Ну, знает, и пусть знает. И дни бестолково побежали дальше. А в другой раз она растирала
молоденькую девушку, и у той все тело было в ссадинах, которые только-только начали
сходить. Девушка призналась, что занимается проституцией, и это следы от клиентов.
Улыбнулась и добавила: «Боль, конечно, страшная, но в ней есть своя радость». А
увидев, как она остолбенела, лишь щелкнула пальцами: «Да ты все равно не поймешь».
Что еще?.. Муж меня младше, каждую ночь лезет, и в месячные тоже не отстает, из-за
него женские болезни никак не пройдут… Но и так жить можно, все лучше, чем шум
поднимать… Срубили денег на бирже, акции что надо, а вчера в зале торгов одного
знакомого насмерть хватил удар… А еще как-то раз при ней разговорились две клиентки,
по виду учительницы, одна вздохнула: «Жизнь человека всего лишь сон»[11], другая вторит: «Дивная ночь всегда так эфемерна…»
Про жизнь и сон она еще поняла, а «дивная ночь так эфемерна» — это что за штука?
Очень аккуратно спросила клиентку, что тут имелось в виду, та засмеялась:
—
Дивная ночь — значит хорошая, веселая ночь. А «дивная ночь так эфемерна» — значит,
что хорошая ночь всегда кажется короткой.
Она
закивала головой: вот, узнала новое. Чего только нет на свете… Профессия у них
совсем не почетная, но оттого, что они пусть ненадолго, но сближаются с телами клиенток,
те доверяют им, и слова их, будто вода, вольно текут наружу.
Ей
нравилось здесь все больше. Слушала шепоток клиенток, пересмеивалась с другими растиральщицами, и так, вечер за вечером,
утекало время. Когда посетители расходились, они мылись сами, растирая друг друга,
дурачась и хохоча, словно дети, потом каждая возвращалась к себе домой, валилась
в постель и спала до самого рассвета. Вот так и шли дни; азарт и предвкушение заработка
занимали ее вечера, и она забывала про усталость: ведь дивная ночь так эфемерна.
Когда
случалось что хорошее — дали зарплату, или сын отлично написал контрольную — на
душе становилось еще веселее, о чем ни подумает — все кажется в радость. Глядя на тех, кому живется лучше,
она говорила себе: «Вот ведь как бывает, кто знает, вдруг и я так заживу. Все еще
может случиться». А когда встречались люди с долей погорше, думала: «Все-таки лучше
жить как я, чем вот так — ладно снаружи и худо внутри. У меня еще все неплохо».

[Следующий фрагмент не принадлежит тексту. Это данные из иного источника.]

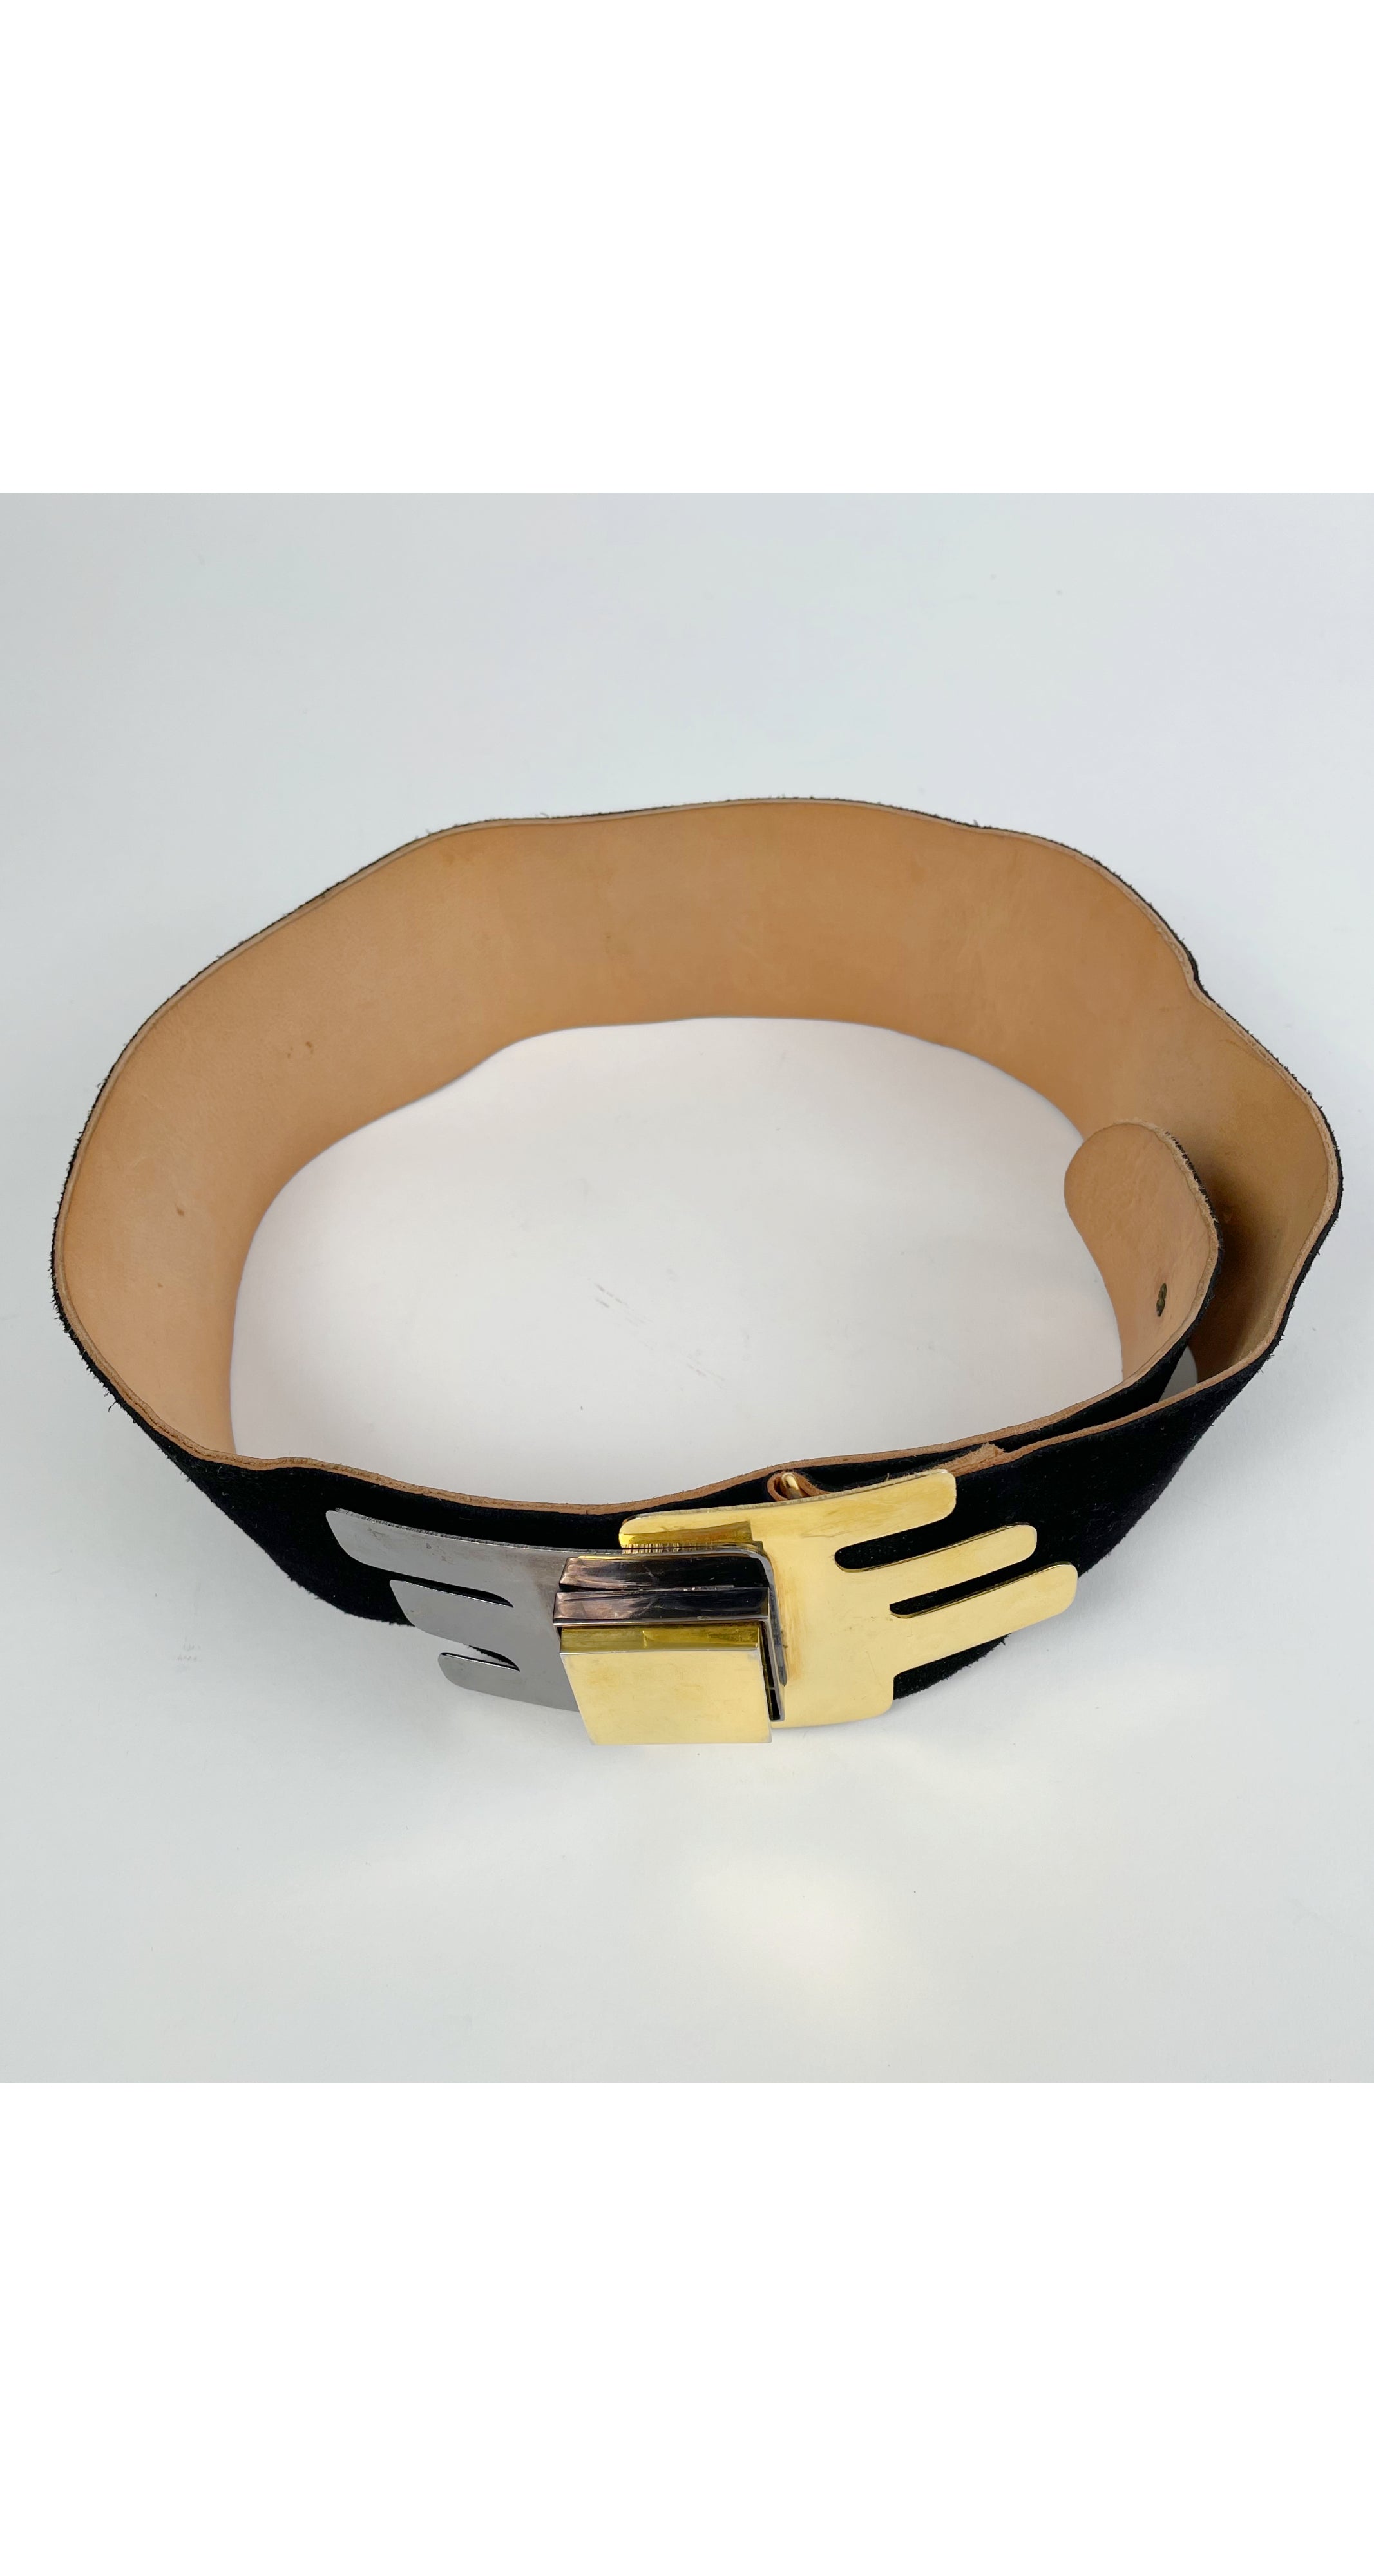 1970s Modernist Gold & Silver Black Suede Belt

Про тех же, у кого все шло ни шатко
ни валко, она говорила себе так: «Живут вон, почти как я, значит, у меня все как
у людей, чем плохо?». И про мужа больше не думала с прежним остервенением. Да, бросил
ее одну с ребенком, но разве был он хорошим мужем? Ушел и ушел, чего тут жалеть.
Ну, подыскал себе кого-то, и пусть, пусть радуется своему цветистому счастью, и
пусть кто-то вместо нее терпит его цветистые грехи. Она не верила, что муж исправился
— собаку подбирать дерьмо не
отучишь. Да, живется ей не сладко, но есть квартира, вклад в банке на семьдесят
с лишним тысяч, да еще пару тысяч в месяц она зарабатывает на житье, сын каждый
день ест мясо, а когда приходит пора менять одежду, они могут купить новую — не
такая уж дурная жизнь. Самое главное, что на здоровье она не жалуется, может на
трех работах успевать, и сын растет понятливый, знает, что нужно учиться — в тот
день, когда вены хотела вскрыть, и цела
осталась, и с его зависимостью покончила, разбудила в нем ум: само Небо о них позаботилось.
Постепенно
она поняла, что сердце ее переменилось. Словно мать и вправду тогда уговорила ее
не думать о плохом. Как это произошло,
почему, она и сама не знала. Но обиды остались позади, это уж точно.
Позади,
вот и хорошо. Хорошо сердцу, хорошо и рукам. Сердце идет вслед за ладонями, и растирает
она все проворнее, ловчее. Умелыми руками листает
тела на своей кушетке: шея, плечи, грудь, ребра, поясница, пах, бедра, голени, пальцы
ног, пальцы рук… Там, куда приходят ее ладони, скатывается грязь,
а потом выступает белое-белое тело, и она чувствует себя на важном посту — словно
искусный врачеватель, словно повар, знаменитый своим мастерством, словно увлеченный
режиссер или полководец, в чьих руках судьбы страны, словно император, превосходящий
величием всех смертных. В промежутках между телами она окатывает кушетку из таза.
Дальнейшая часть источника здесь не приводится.